“Pathways to Dance” means a path to the Catskill Mountains and the Saratoga Performing Arts Center for renowned choreographer Twyla Tharp.
The dance initiative, announced Tuesday at the University at Albany, has landed Tharp’s company a six-week residency at the Catskill Mountain Foundation. Tharp will use the time to choreograph work that will have a world premiere at SPAC on June 30, part of the venue’s 50th anniversary season.
Tharp appeared at a press conference, along with Pathways architects Philip Morris, CEO of Proctors in Schenectady; Marcia J. White, SPAC’s president and executive director; and Pam Weisberg, director of programming for the Catskill Mountain Foundation.
Tharp, based in New York City, has worked upstate before. In 1969, she spent time in Chenango County, near New Berlin, where she choreographed “The 100s.”
In the Catskills, Tharp will marry the past with the present.
“I find myself now in the strange position of every time I do something new, there’s also something old back there,” she said.
The old will be represented as Tharp remounts “Country Dances” from 1976 and “Brahms Paganini” from 1980. She will also rehearse a new octet set to Beethoven’s Opus 133.
“About that one,” Tharp said of the Opus, “at this point in time, about all I can say is ‘Time will tell.’ It’s one of Beethoven’s very, very last works, and it had a huge impact on 20th century art. Obviously, this is why we all work, because we want to make a difference in peoples’ lives and in our art form.”
Tharp is the big name attached to “Pathways,” a project devoted to dance creation and presentation that involves eight counties and 10 venues. It is driven by a $90,000 grant received from the New York State Regional Economic Development Council.
Morris said Proctors “convened” the project.
“I called all my friends who knew dance and said, ‘What if we did something together?’ and they all went, ‘Like what?’ Morris said. “I said, ‘I don’t know, let’s get on a conference call.’ We got on a conference call and decided if we did something together, we would probably grow visibility of dance. There’s no reason not do something together, because we’re very different from one another.”
In addition to Proctors, SPAC and the Catskill Mountain Foundation, “Pathways” partners include Manhattan’s Joyce Theater; The Egg; the University at Albany Performing Arts Center; Basilica Hudson in Columbia, Troy Savings Bank Music Hall; National Museum of Dance in Saratoga Springs and Hubbard Hall in Cambridge.
Morris is not concerned the project’s inaugural programming does not benefit Proctors.
“But it might have worked out differently,” he said. “We’ll do something like this again and it might work out differently and maybe it will benefit us. It was so obvious this should happen at SPAC.
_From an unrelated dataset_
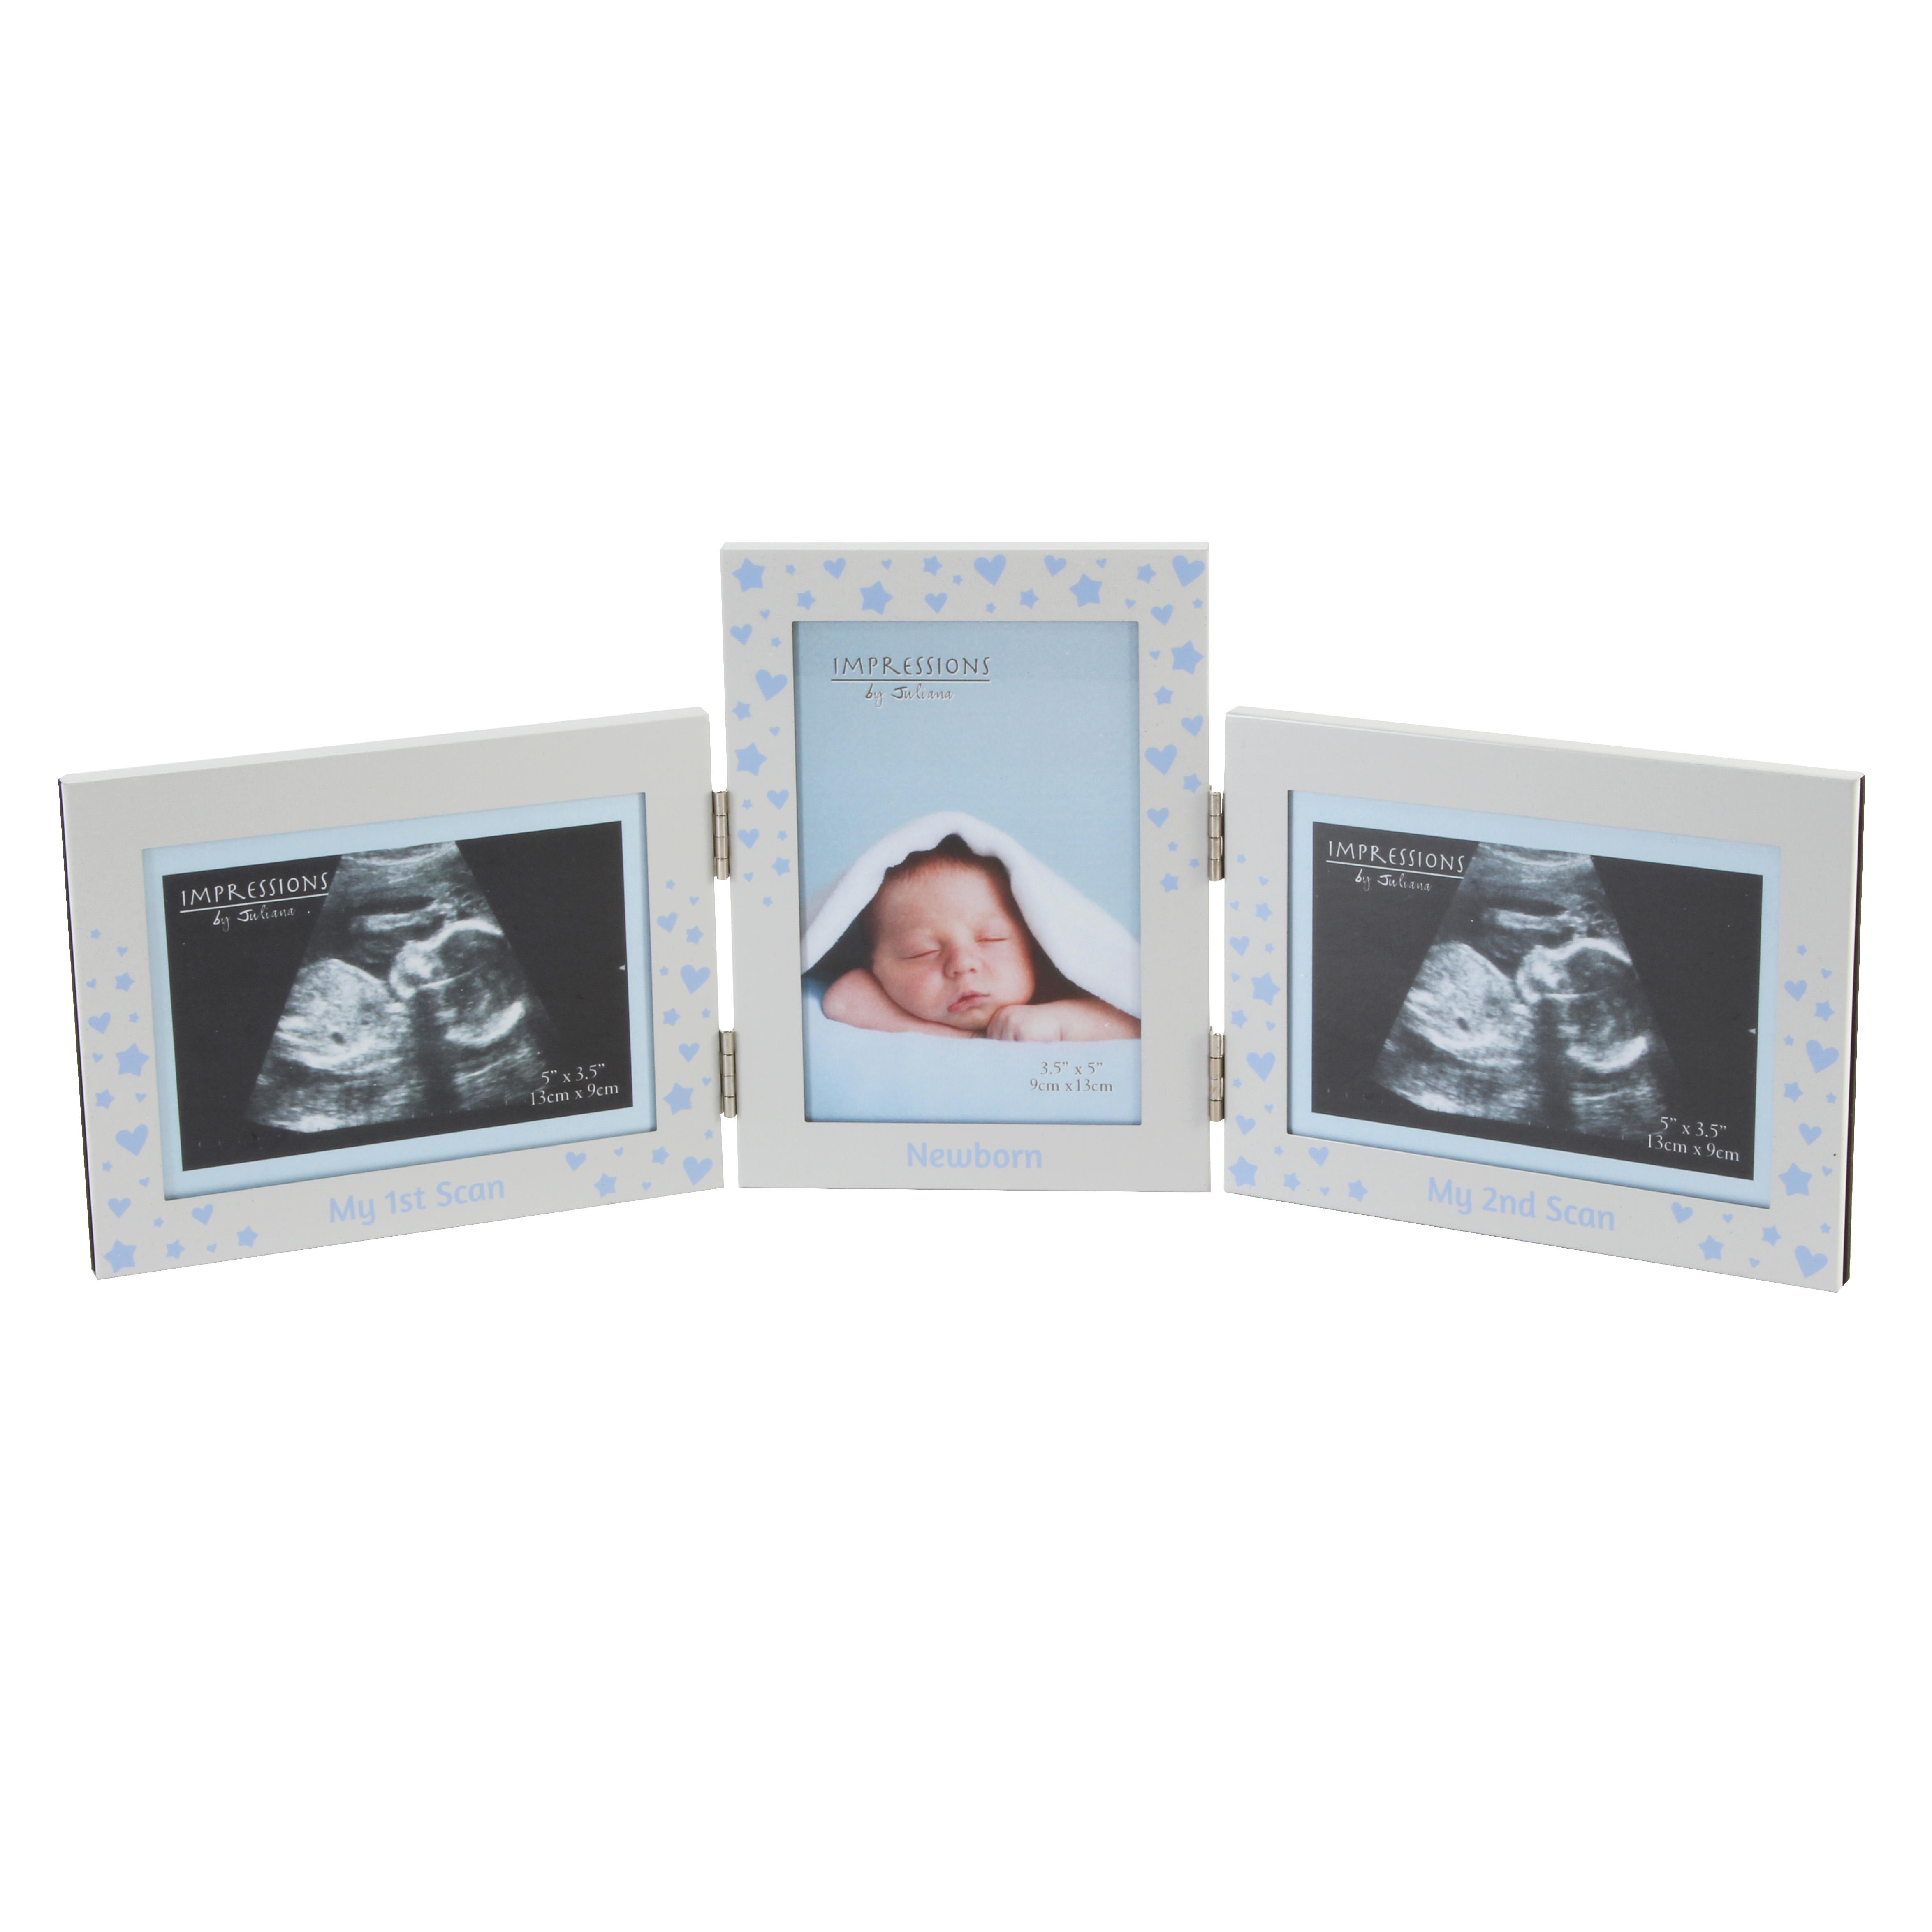 Ultraschall Fotorahmen 3 teilig in Blau 3 Stück 13x9cm Baby ...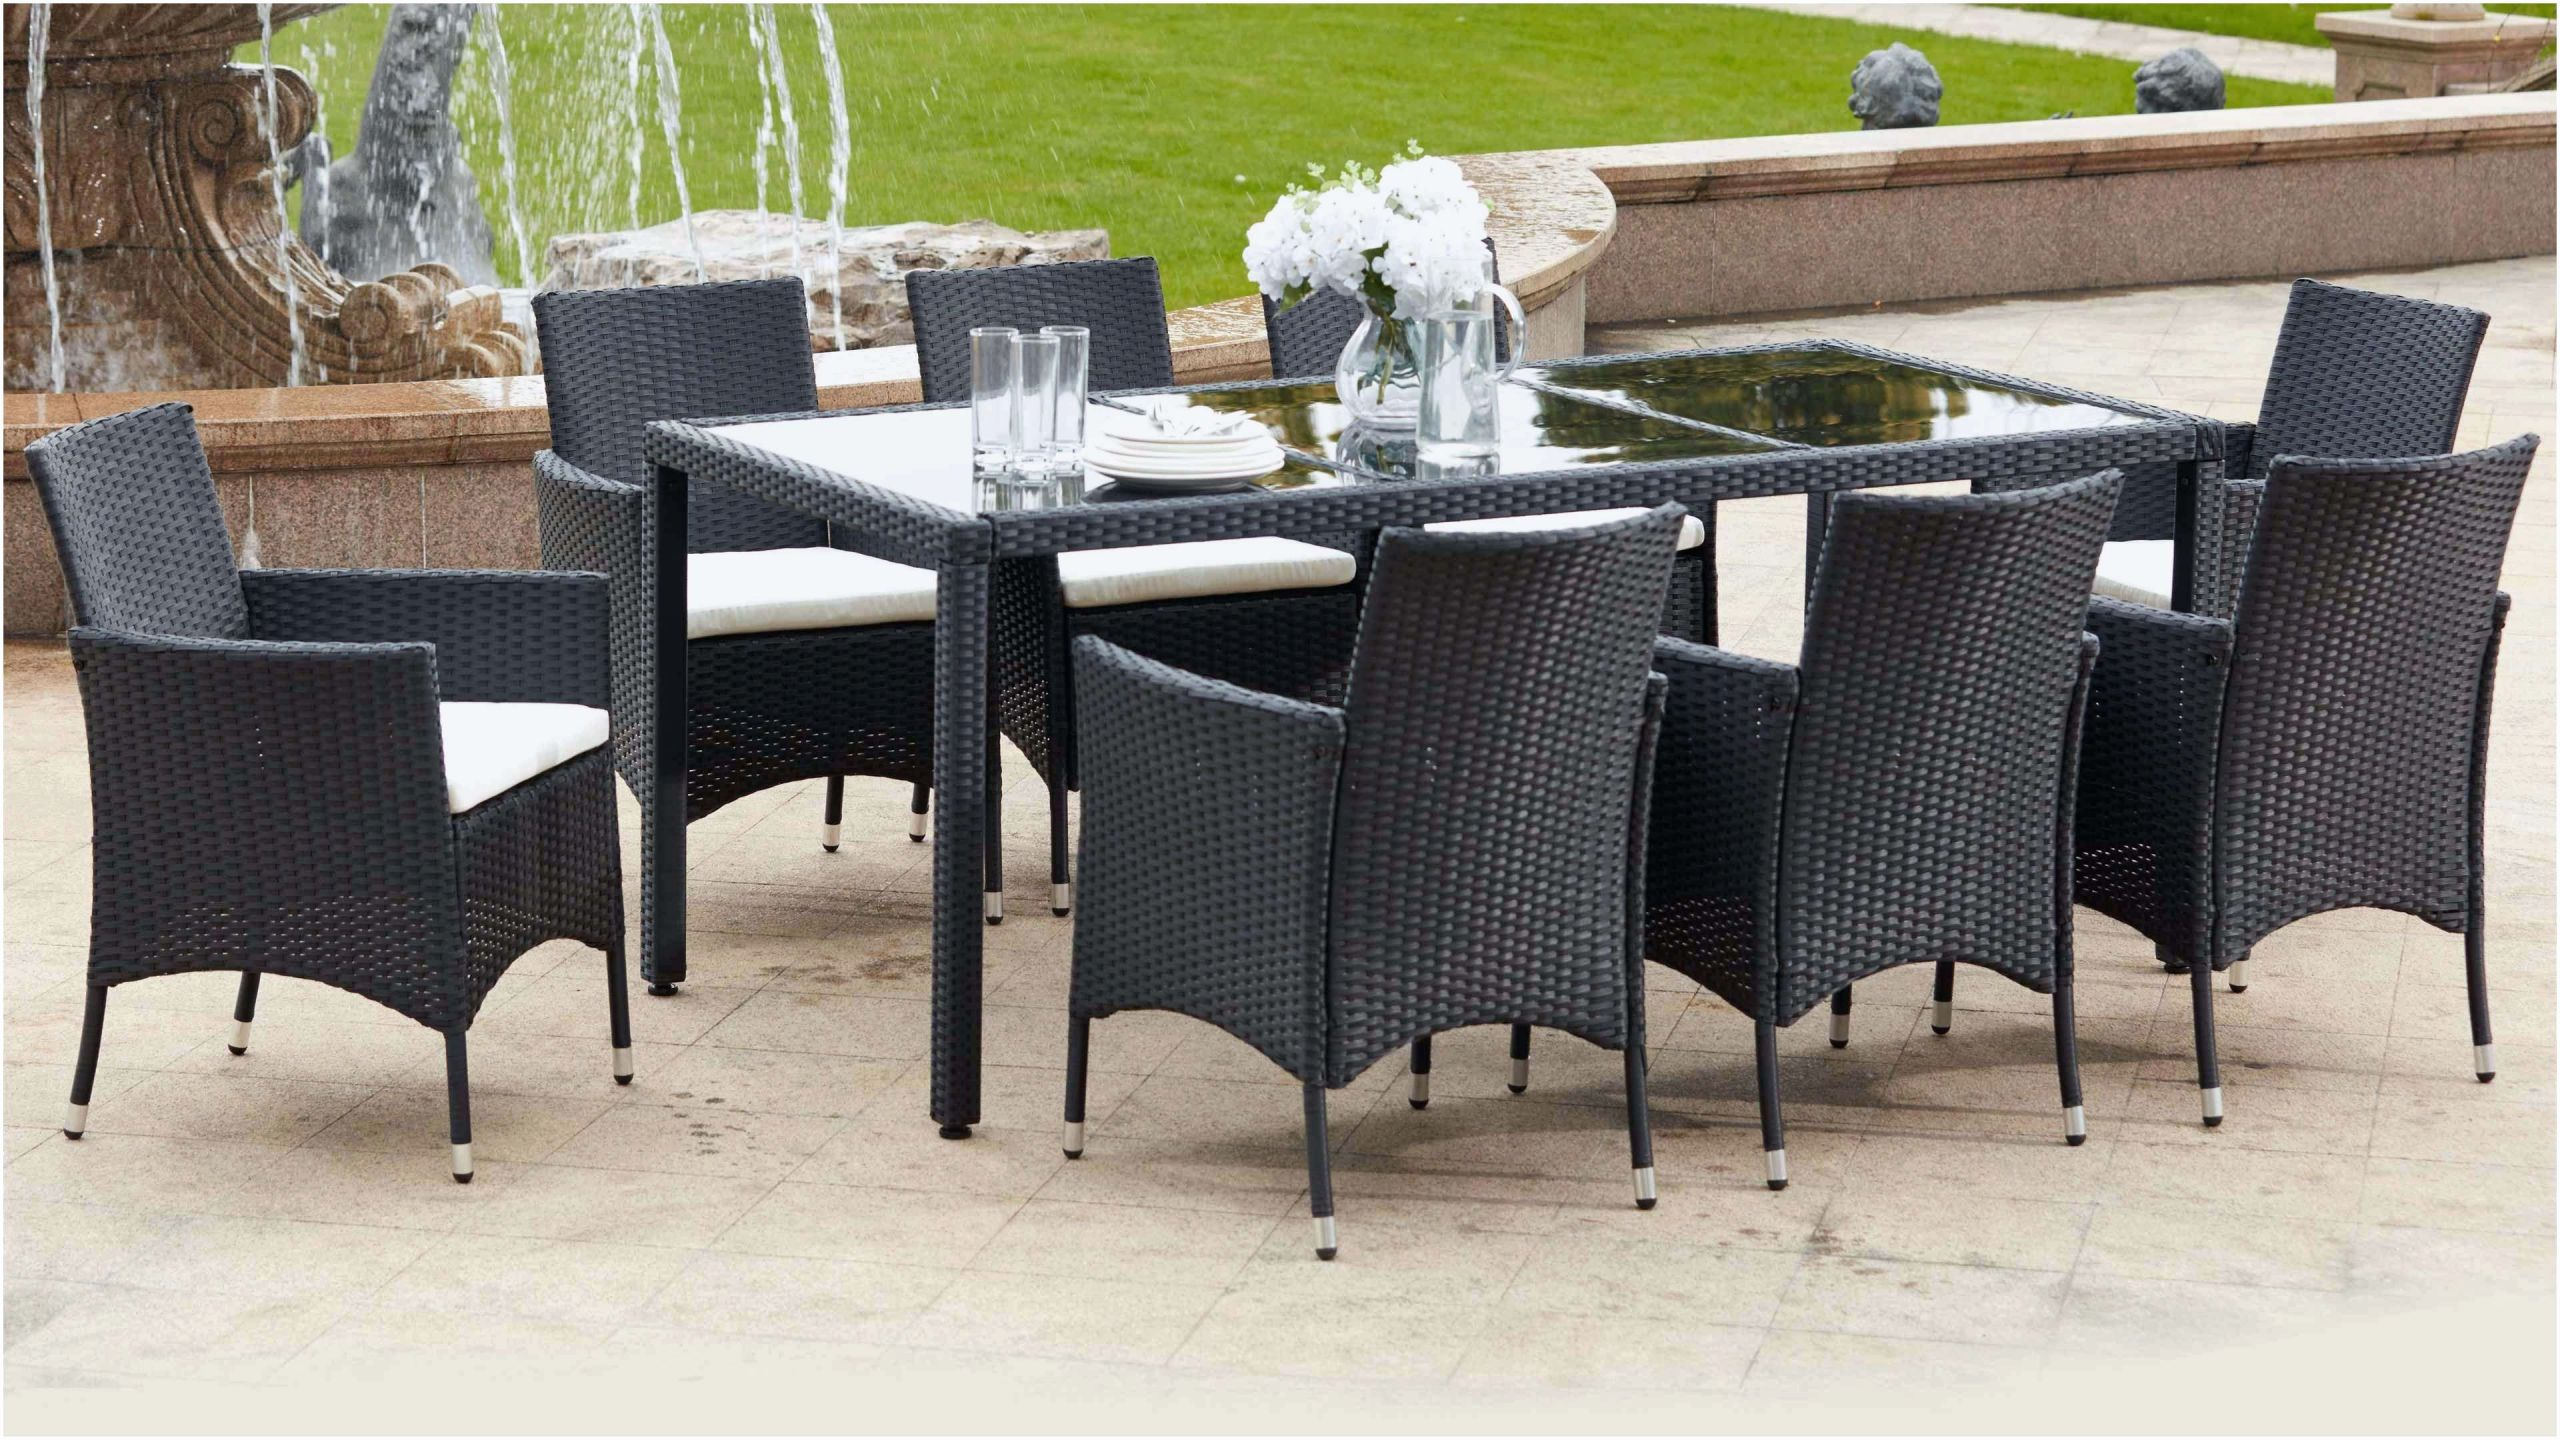 chaises de jardin i inspirant petite table i elegant 34 charmant table i jardin de chaises de jardin i scaled

“When we first talked about it,” Morris adedd, “we thought it might be a performance at SPAC and Proctors, but this was too special, it’s a special year at SPAC, it was just too obvious that that’s what should happen and that was fine. We stepped back, as we would hope on some special moment, somebody else would step back.”
White said the June 30 world premiere will be called “An Evening With Twyla Tharp: Pathways to Dance.”
“The company came to the Little Theater in 1989 and it’s really a celebration to have them come as part of our 50th anniversary on the main stage,” White said. “Twyla is a trailblazer, she’s a woman who is passionate about modern dance and is a perfect example on the kind of art that is important to present. It’s something that the whole family can come to. It stimulates the way we think, the way we feel, and I just think its the perfect partnership for our 50th anniversary celebration.”
A sneak preview is also in the works: The work in progress will be presented April 16 at the Orpheum Film and Performing Arts CEnter in Tannersville, the largest performance venue owned by the Catskill Mountain Foundation.